*ACTION ITEM*. Please print nothing but the lines from the one containing "250 4in x 6in" to the final line below, exactly, and no pictures.

*SOURCE DATA*.
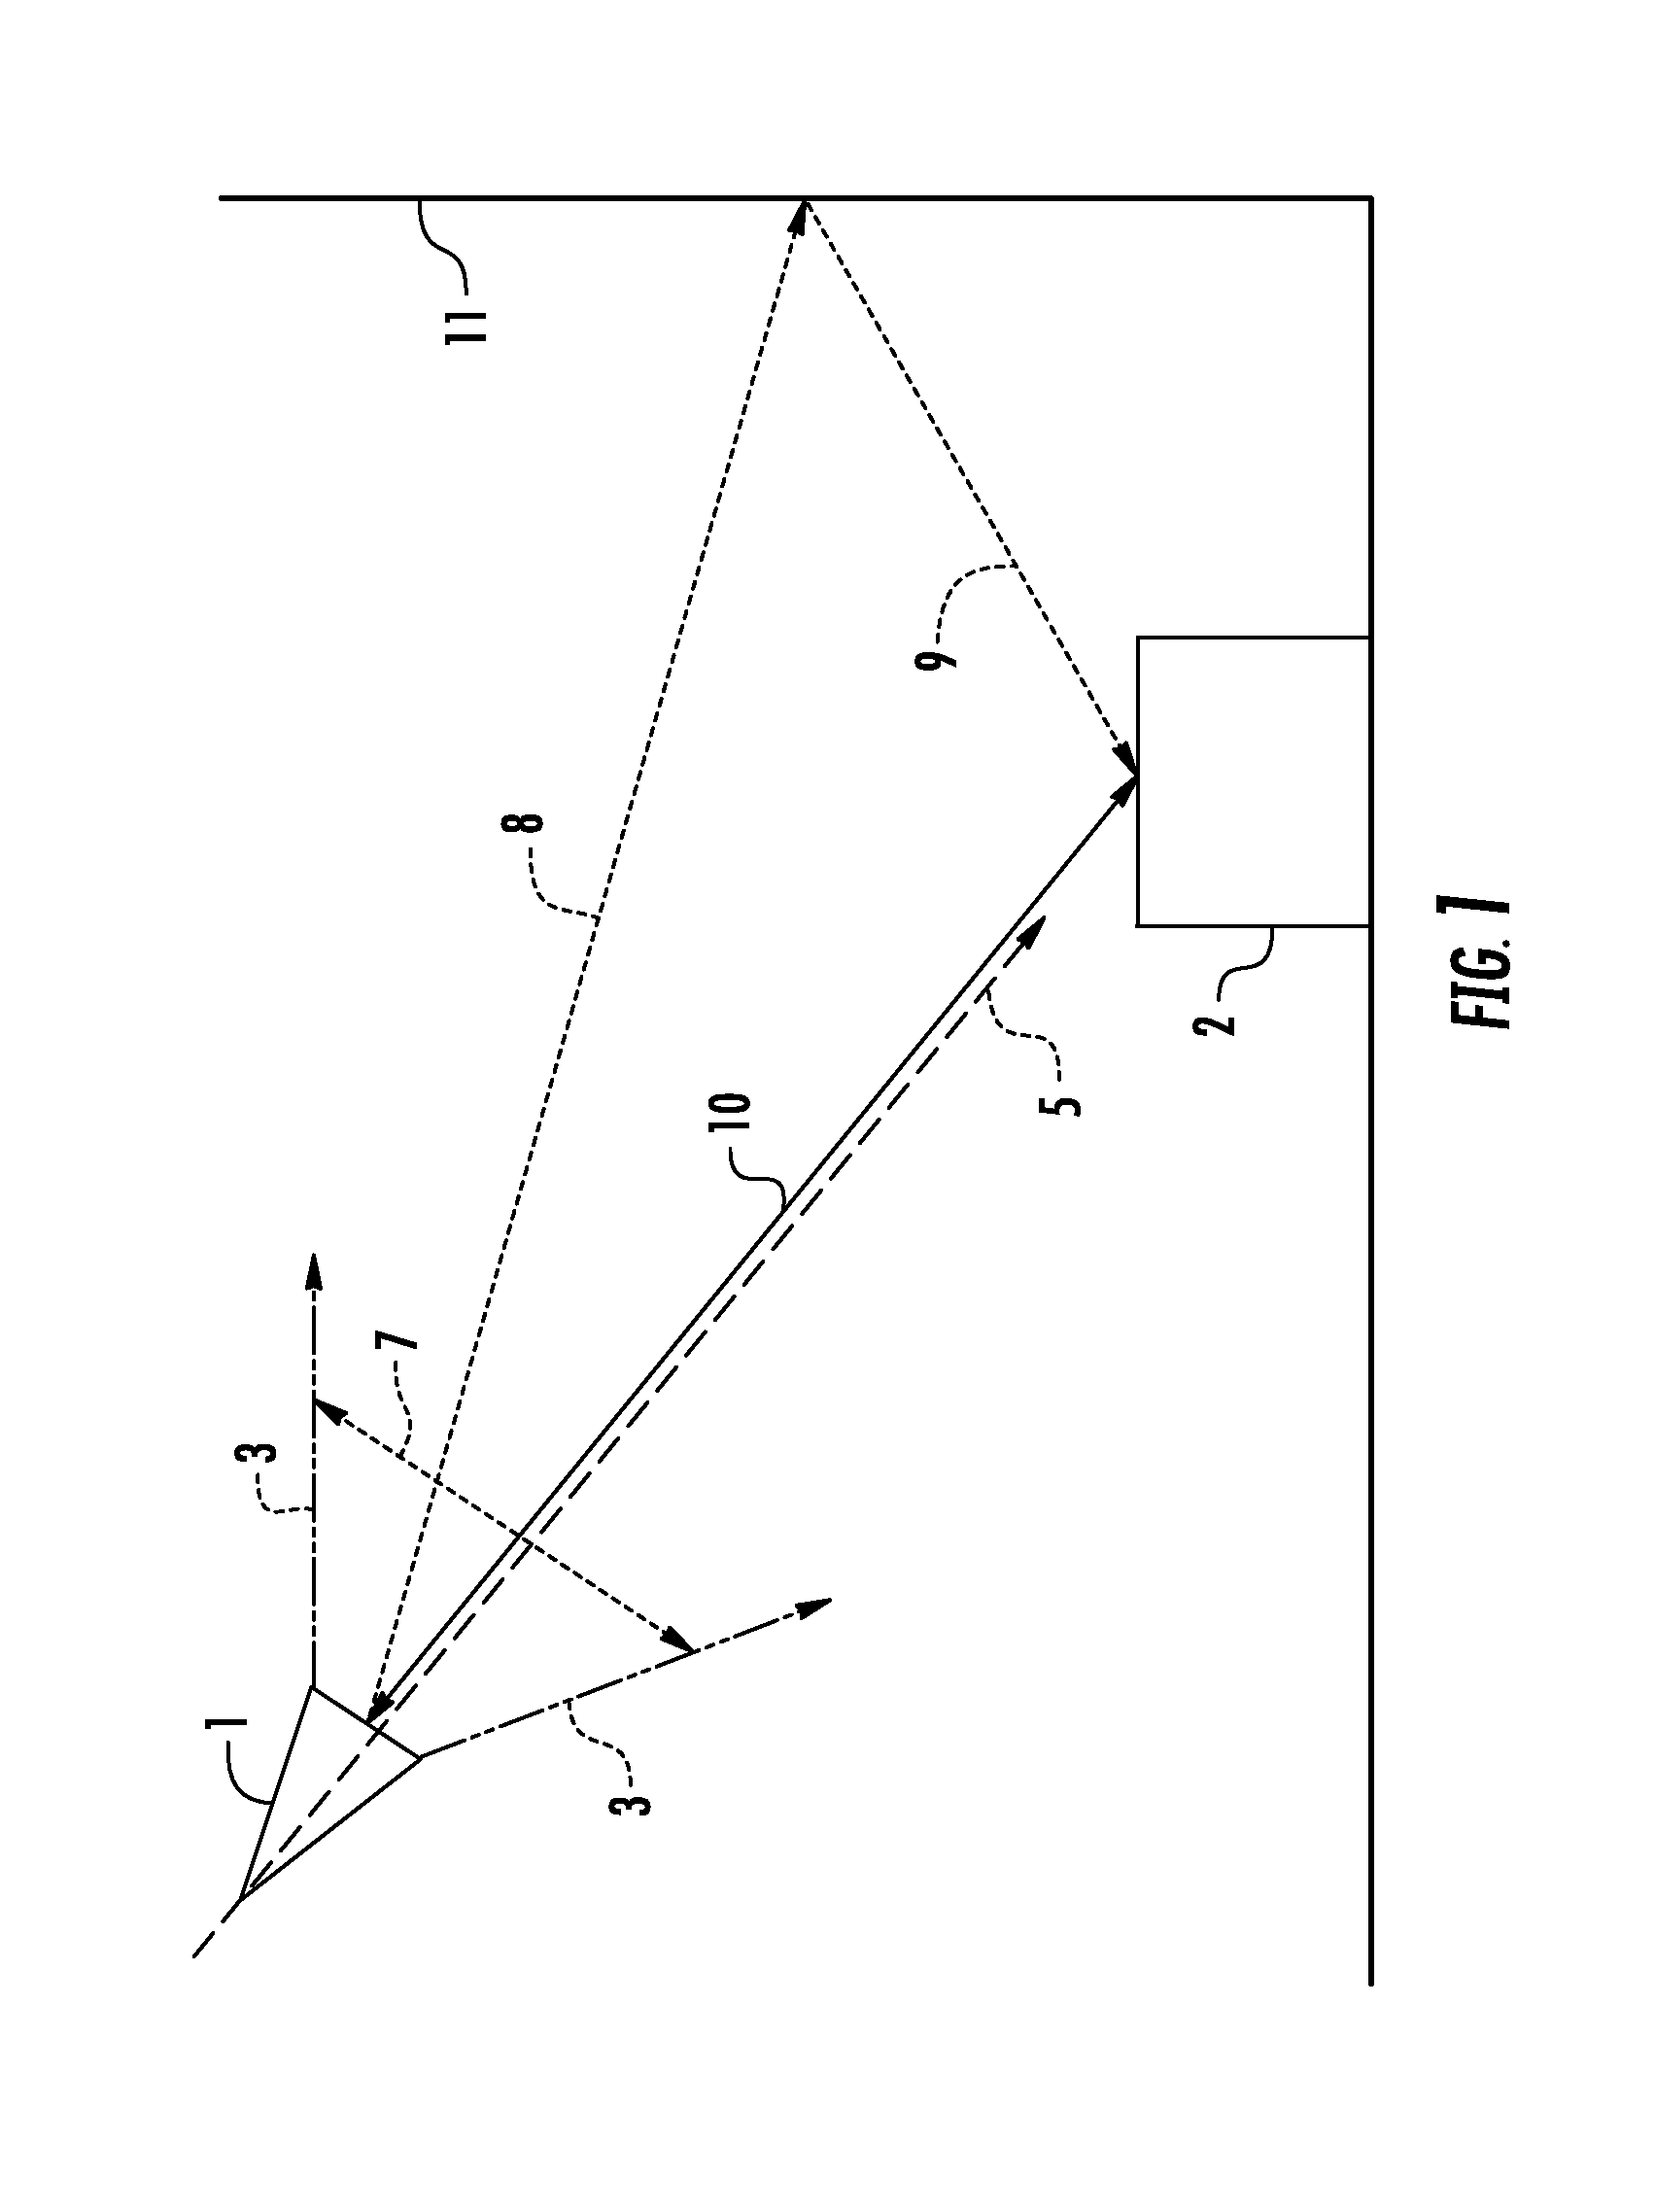 Dimensioning system with multipath interference mitigation
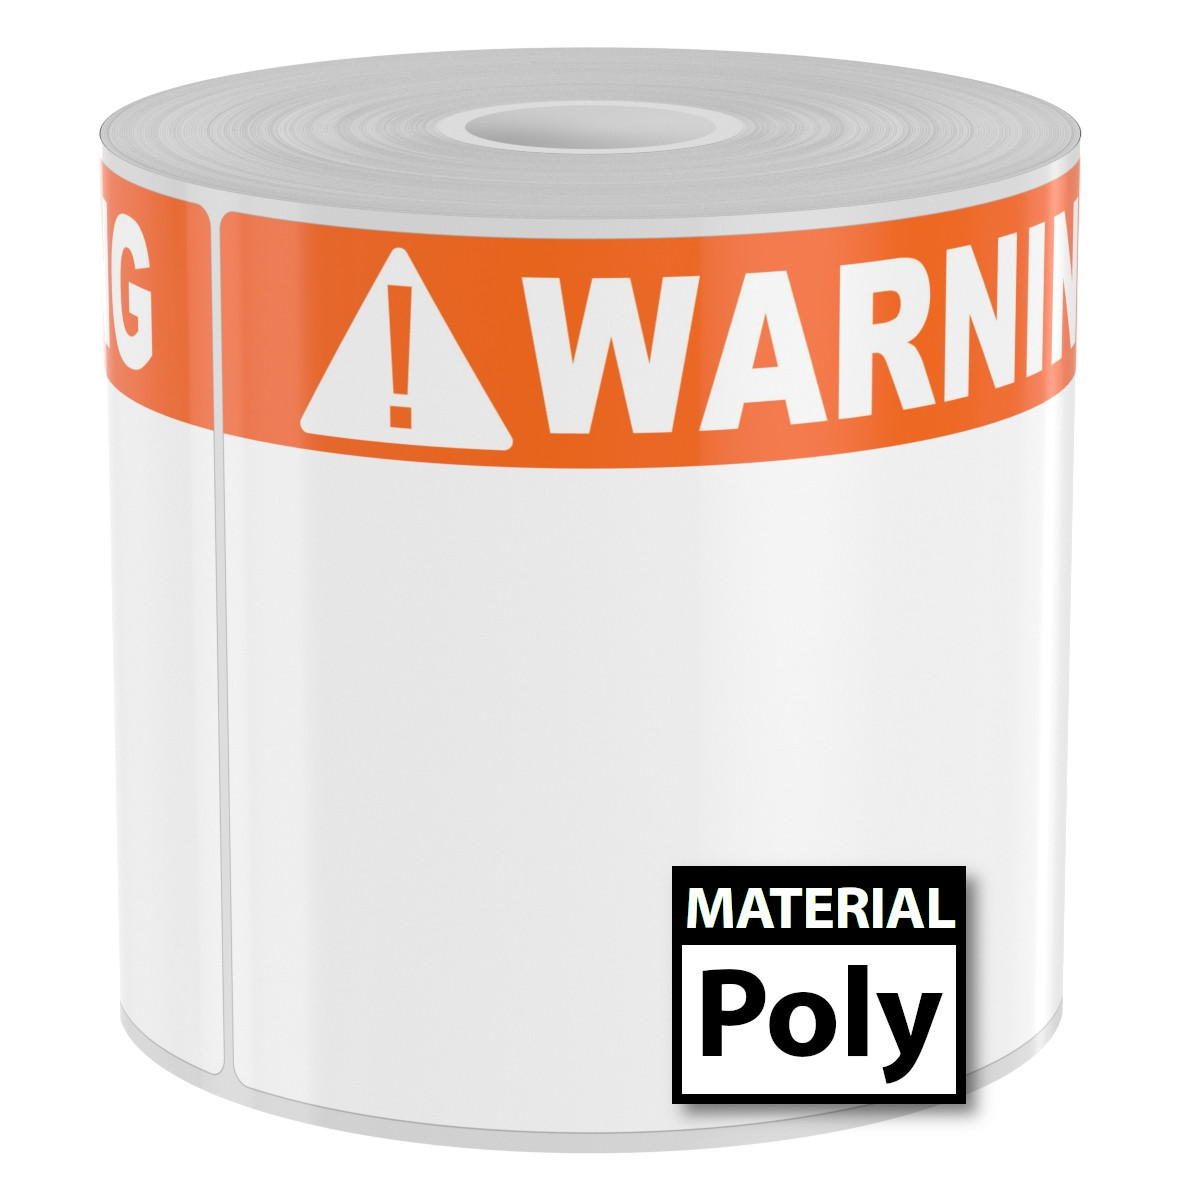 250 4in x 6in High-Performance Poly Arc Flash Labels White Warning on Orange Header
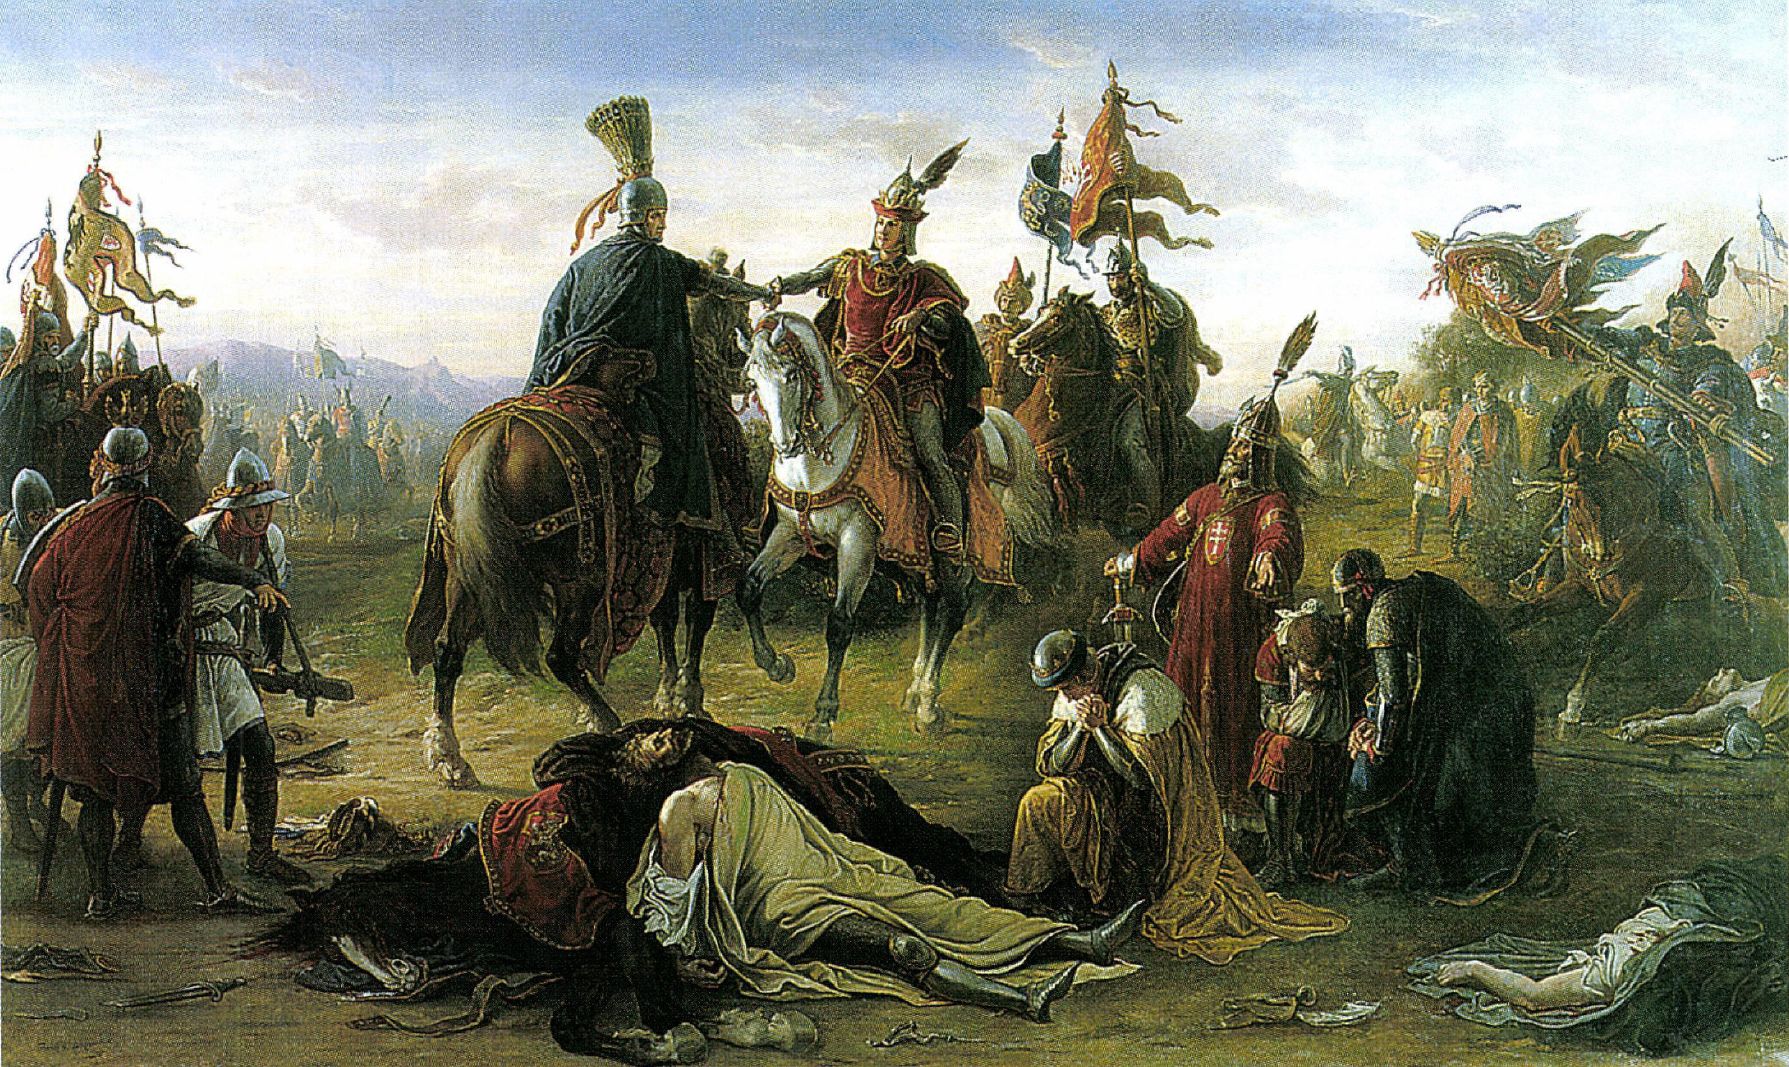 1278: The Powerful King of Bohemia Killed During the Battle on the Marchfeld
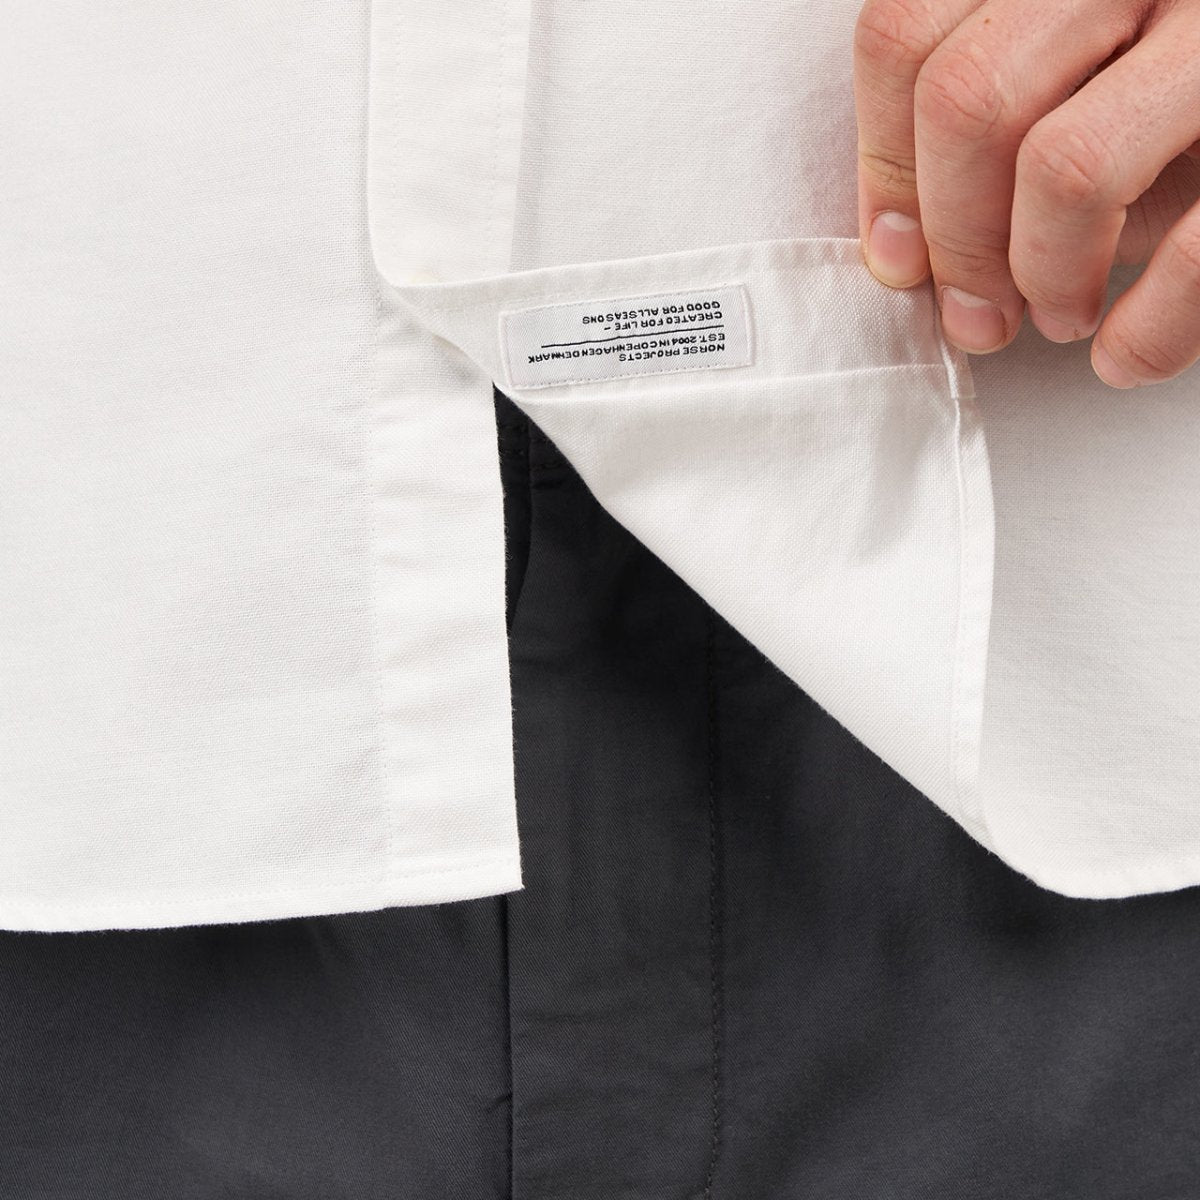 Norse Projects Osvald Oxford SS Shirt (Weiß)  - Allike Store

*TASK RESULT*.
 250 4in x 6in High-Performance Poly Arc Flash Labels White Warning on Orange Header
 1278: The Powerful King of Bohemia Killed During the Battle on the Marchfeld
 Norse Projects Osvald Oxford SS Shirt (Weiß)  - Allike Store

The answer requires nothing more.